The whole listing, apart from its images, should be restated word for word.

> _Dataset section_
-- Opening Marker --
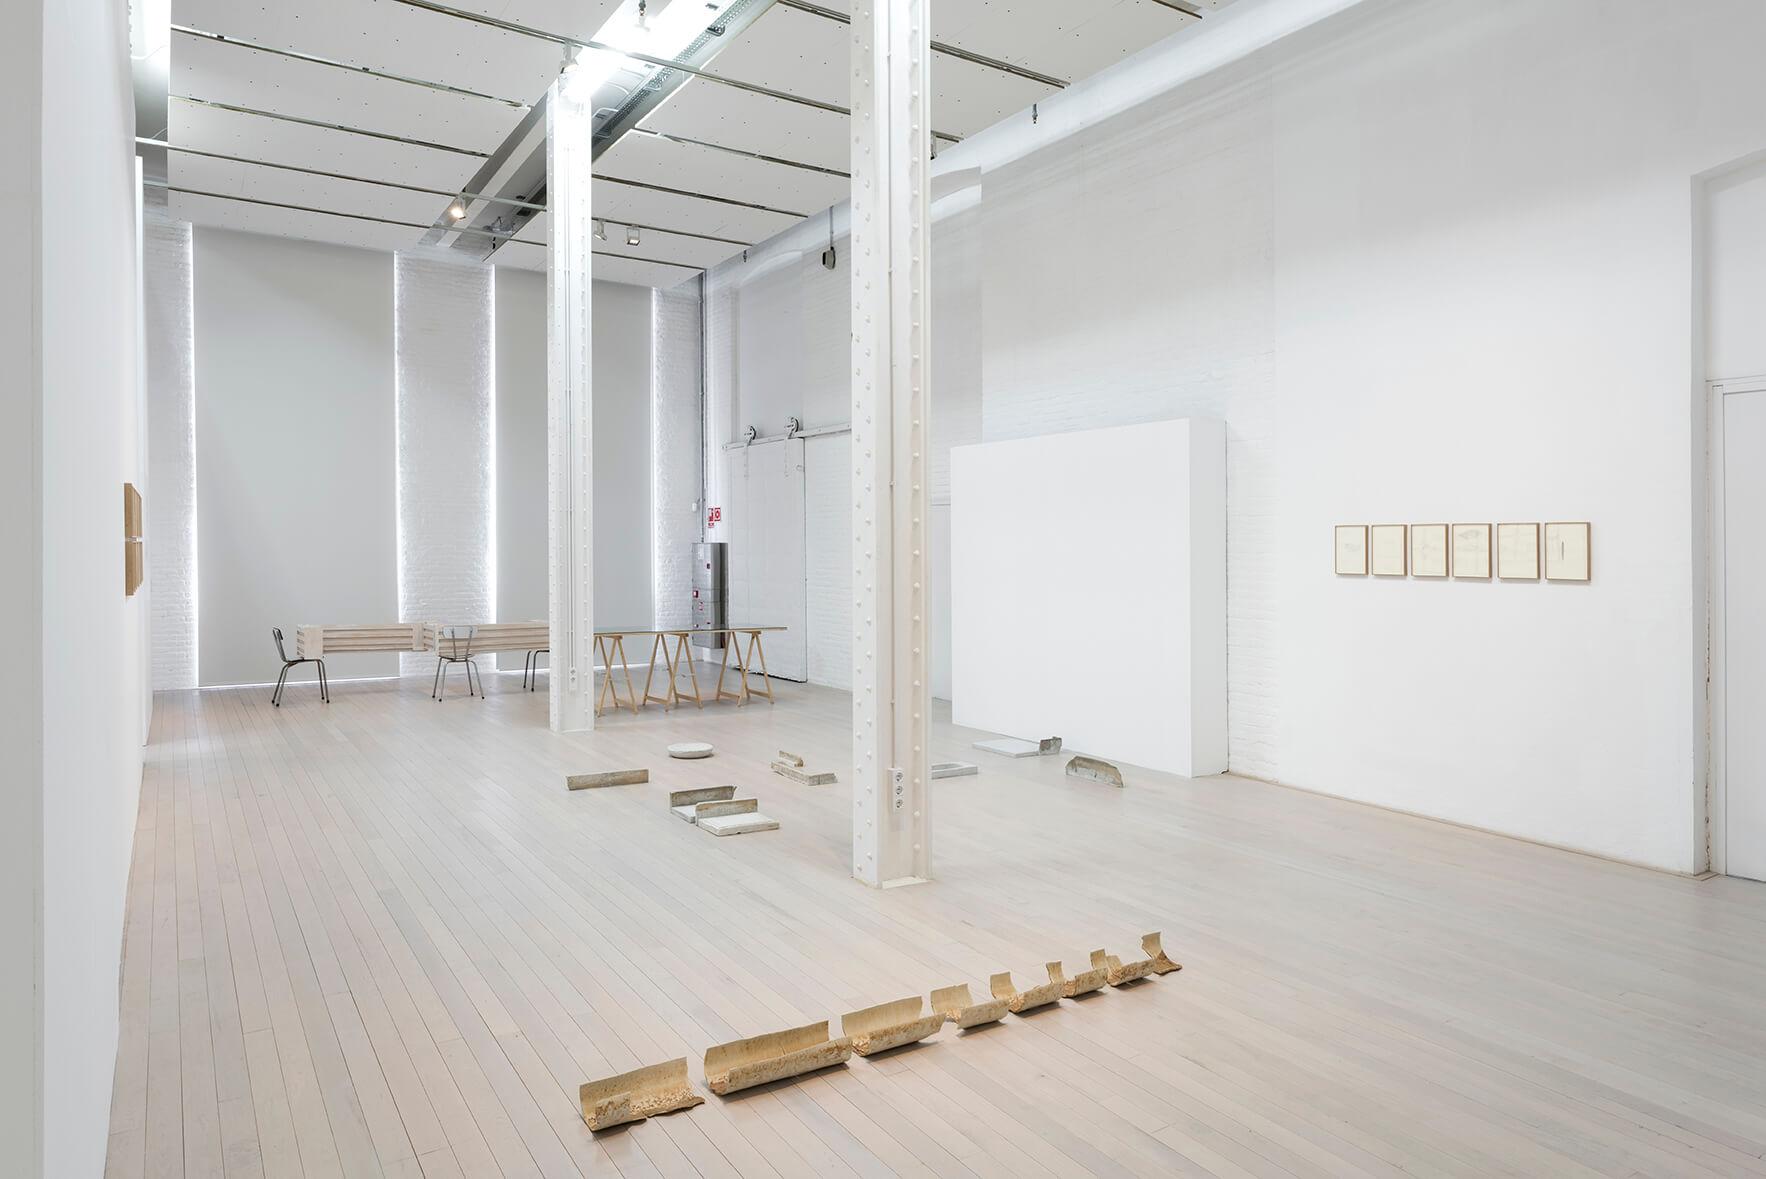 Exhibition view: Matèria Primera, Fabra i Coats, Centre d'Art Contemporani, Barcelona, 2018 |  | ProjecteSD
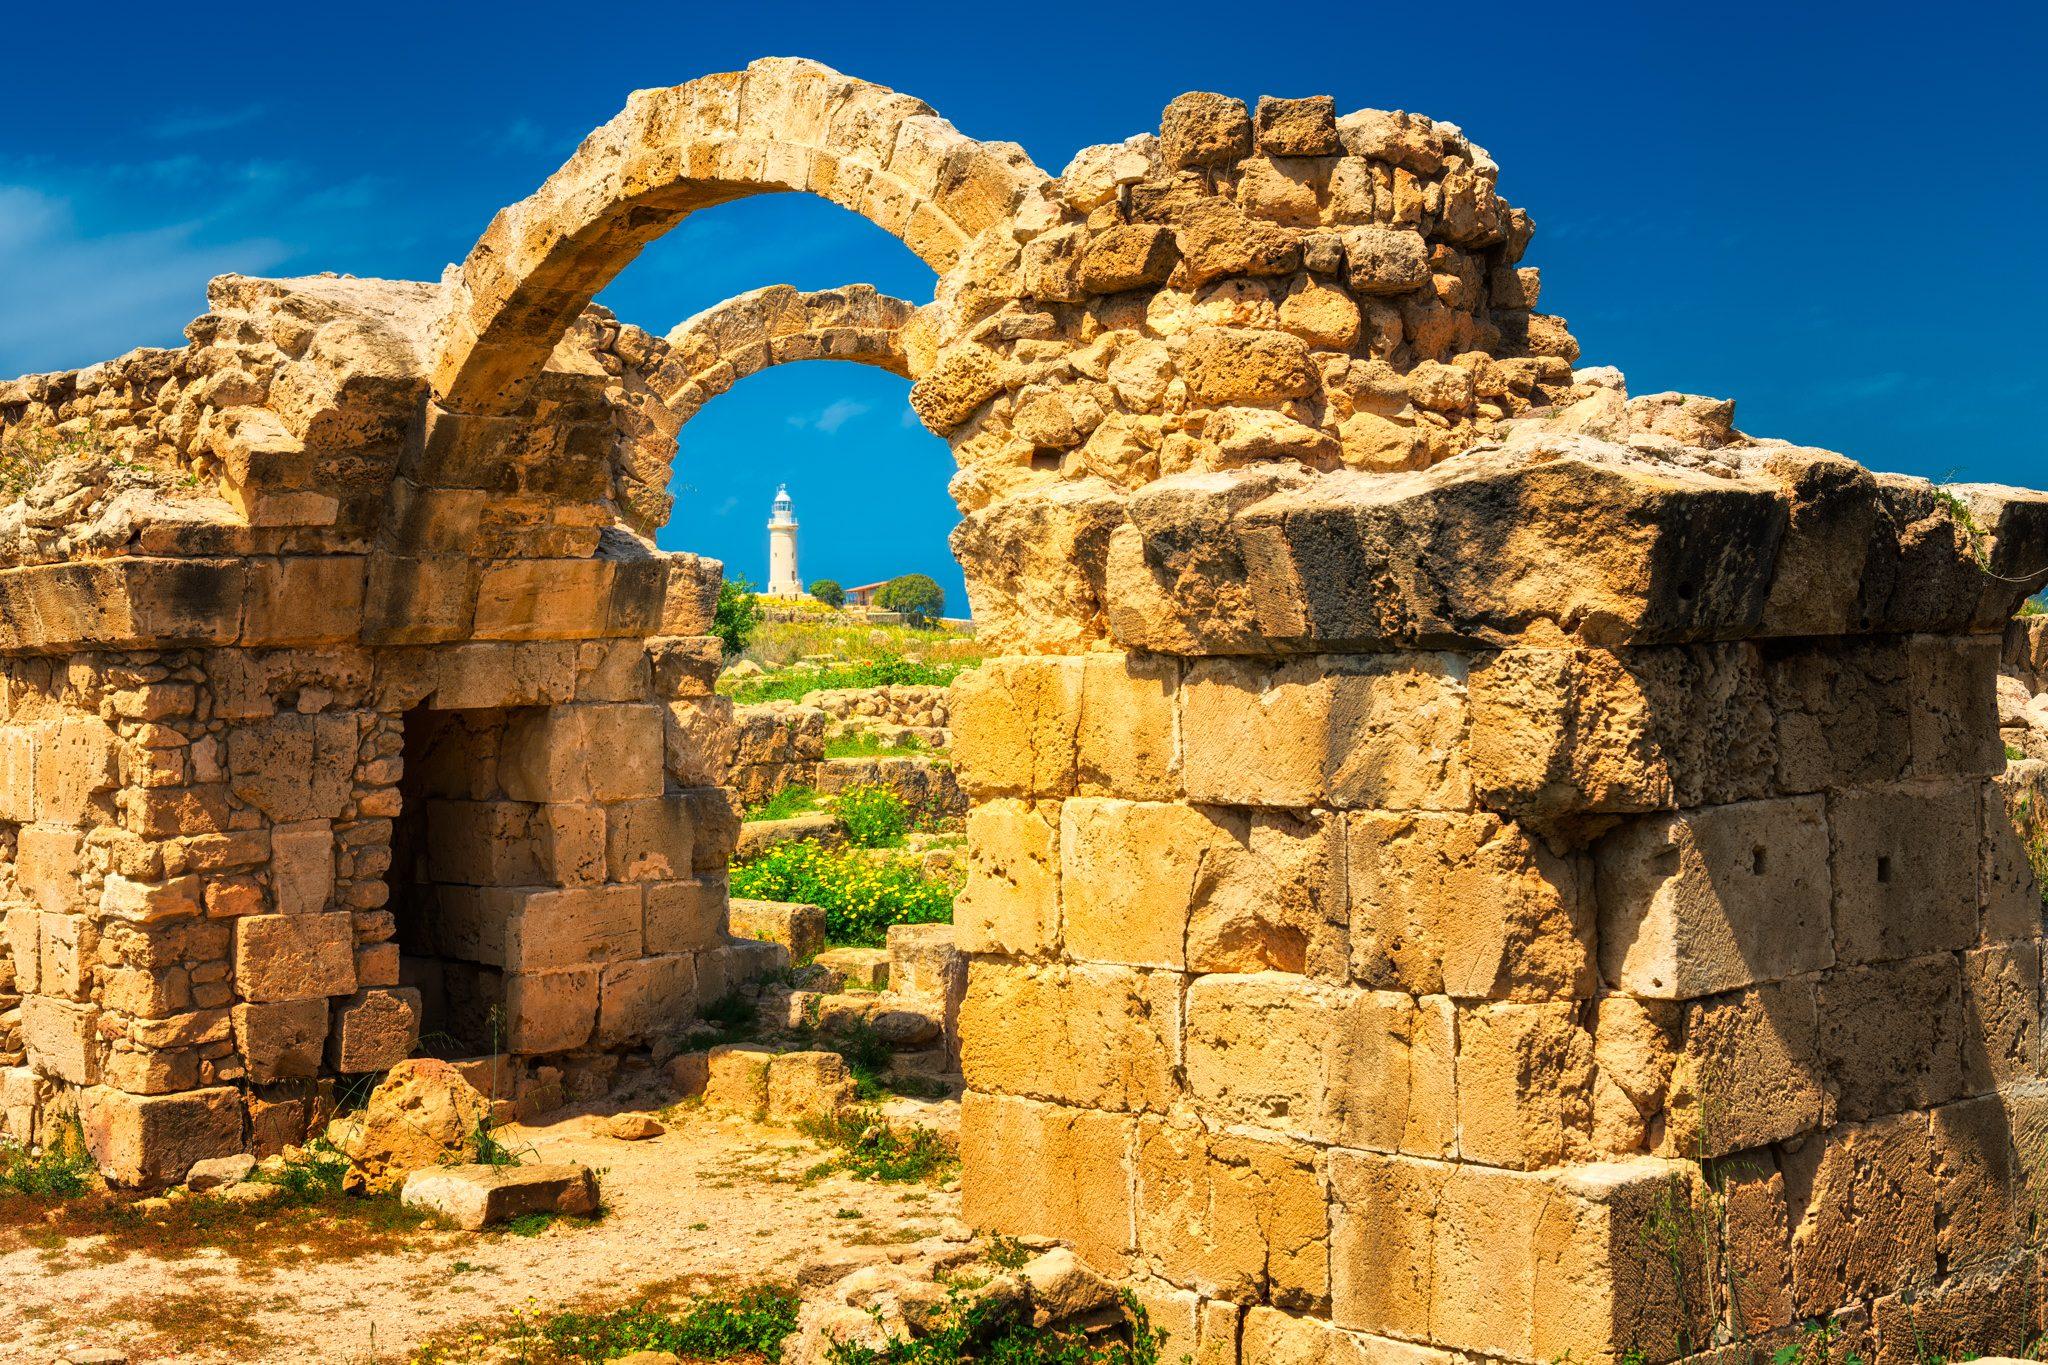 Archäologischer Park Paphos (Ketos archäologischer Park) – Zypern im Frühjahr.
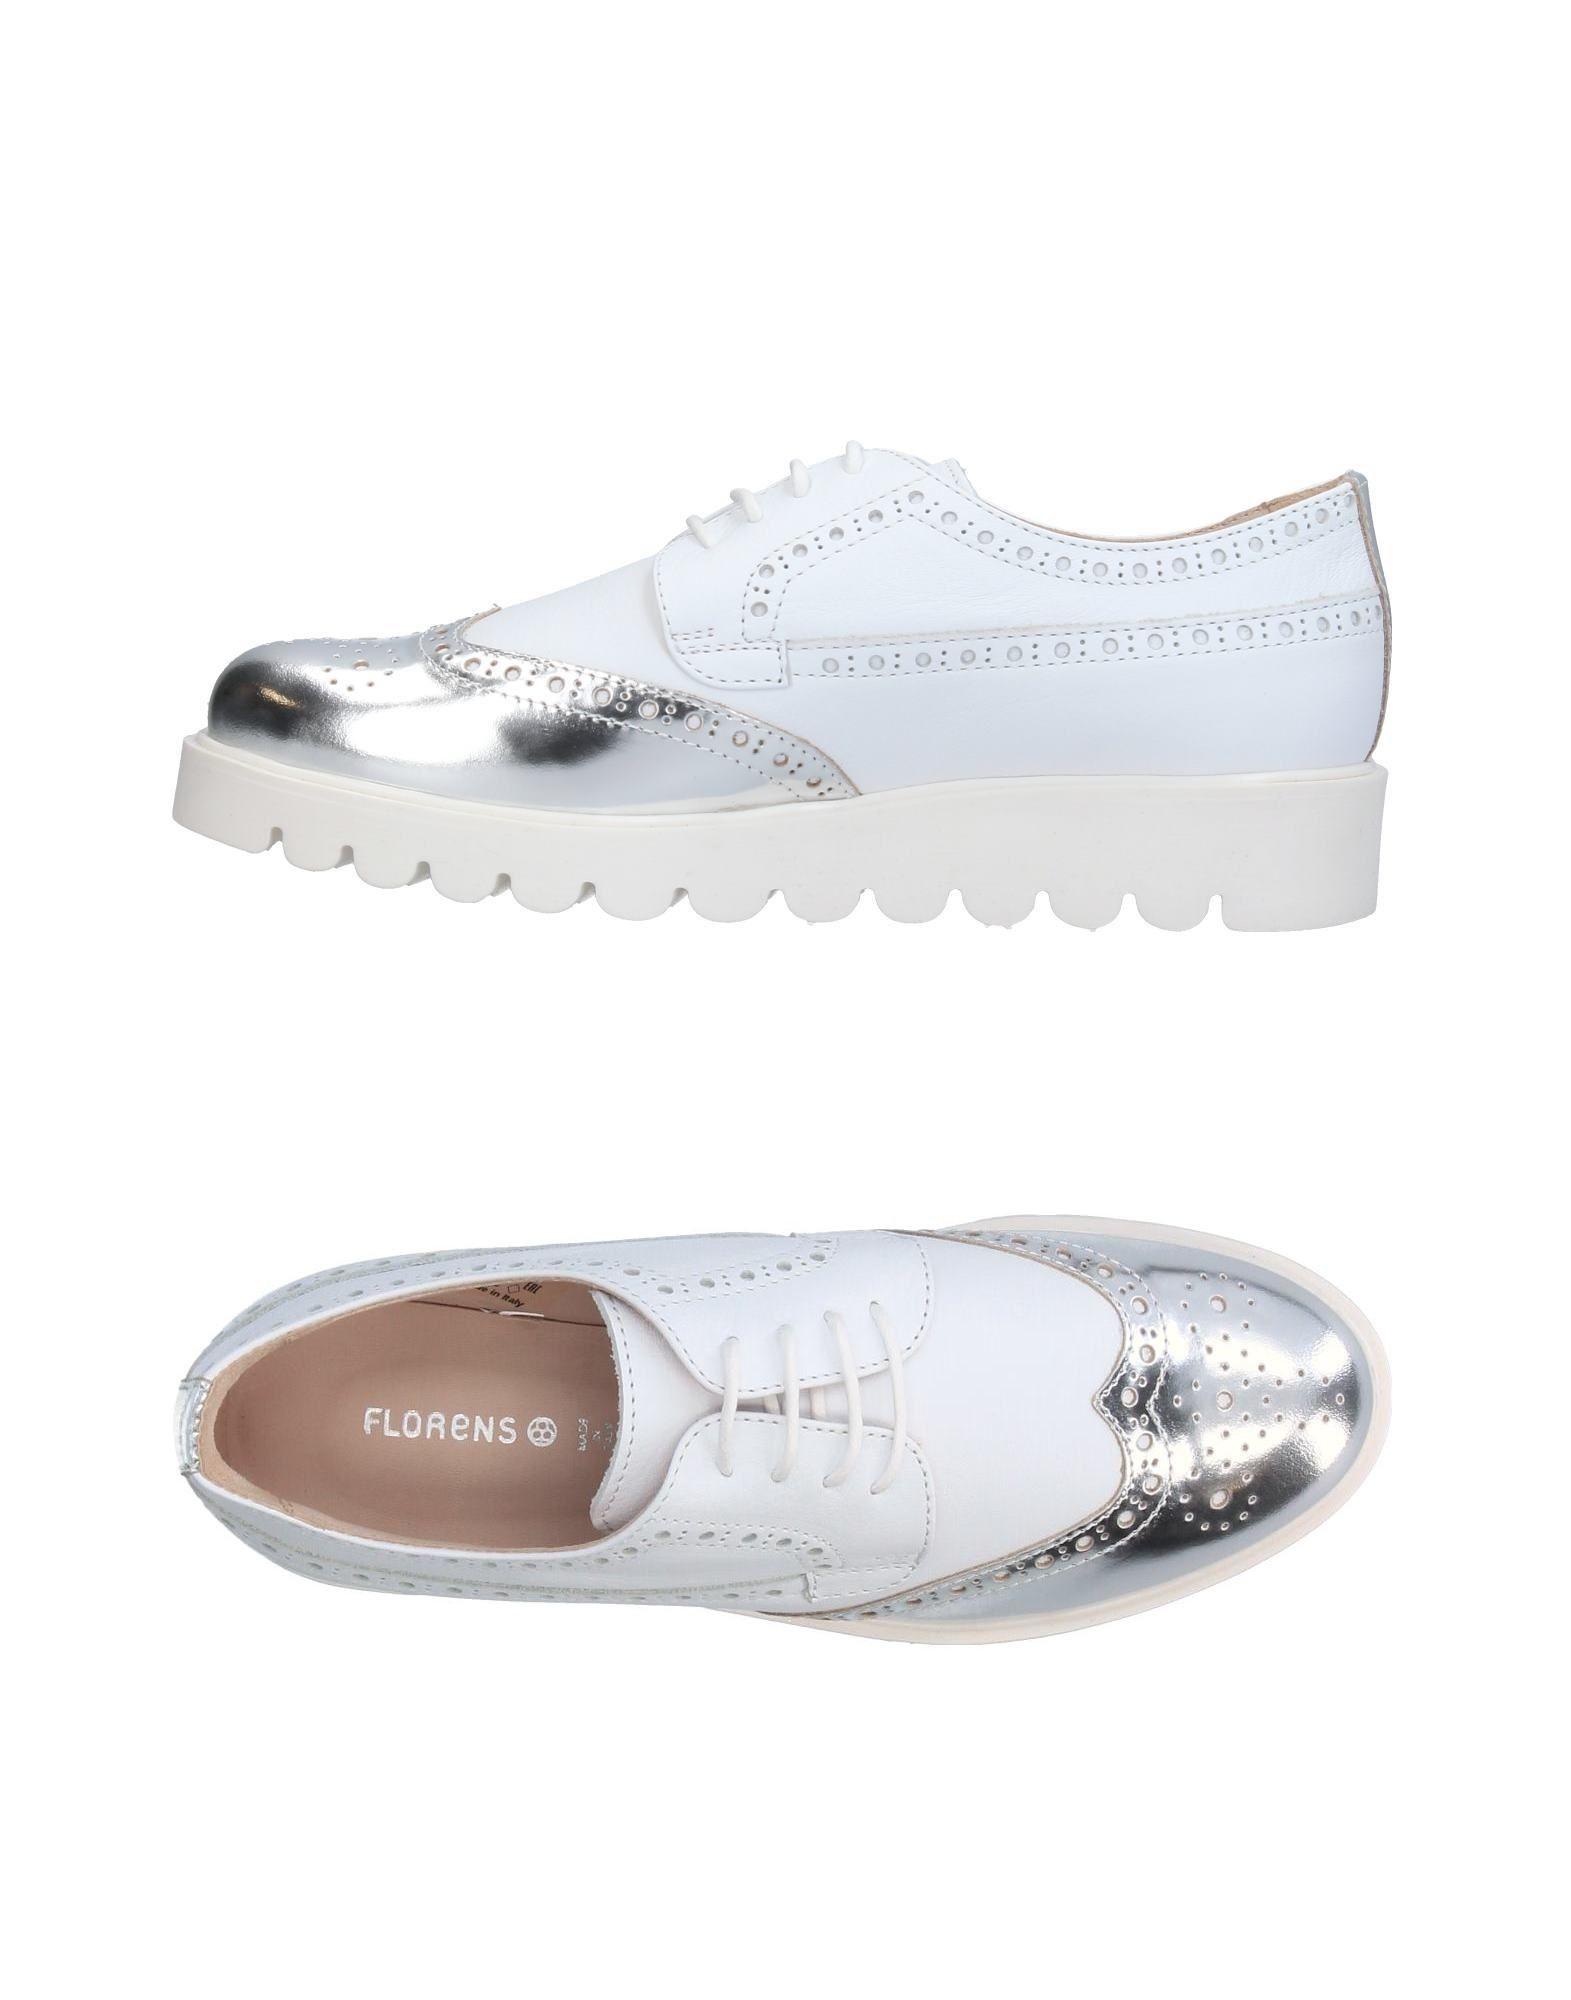 FLORENS Mädchen 9-16 jahre Schnürschuh Farbe Silber Größe 31 jetztbilligerkaufen
-- Closing Marker --
> _Written reply_
 Exhibition view: Matèria Primera, Fabra i Coats, Centre d'Art Contemporani, Barcelona, 2018 |  | ProjecteSD
 Archäologischer Park Paphos (Ketos archäologischer Park) – Zypern im Frühjahr.
 FLORENS Mädchen 9-16 jahre Schnürschuh Farbe Silber Größe 31 jetztbilligerkaufen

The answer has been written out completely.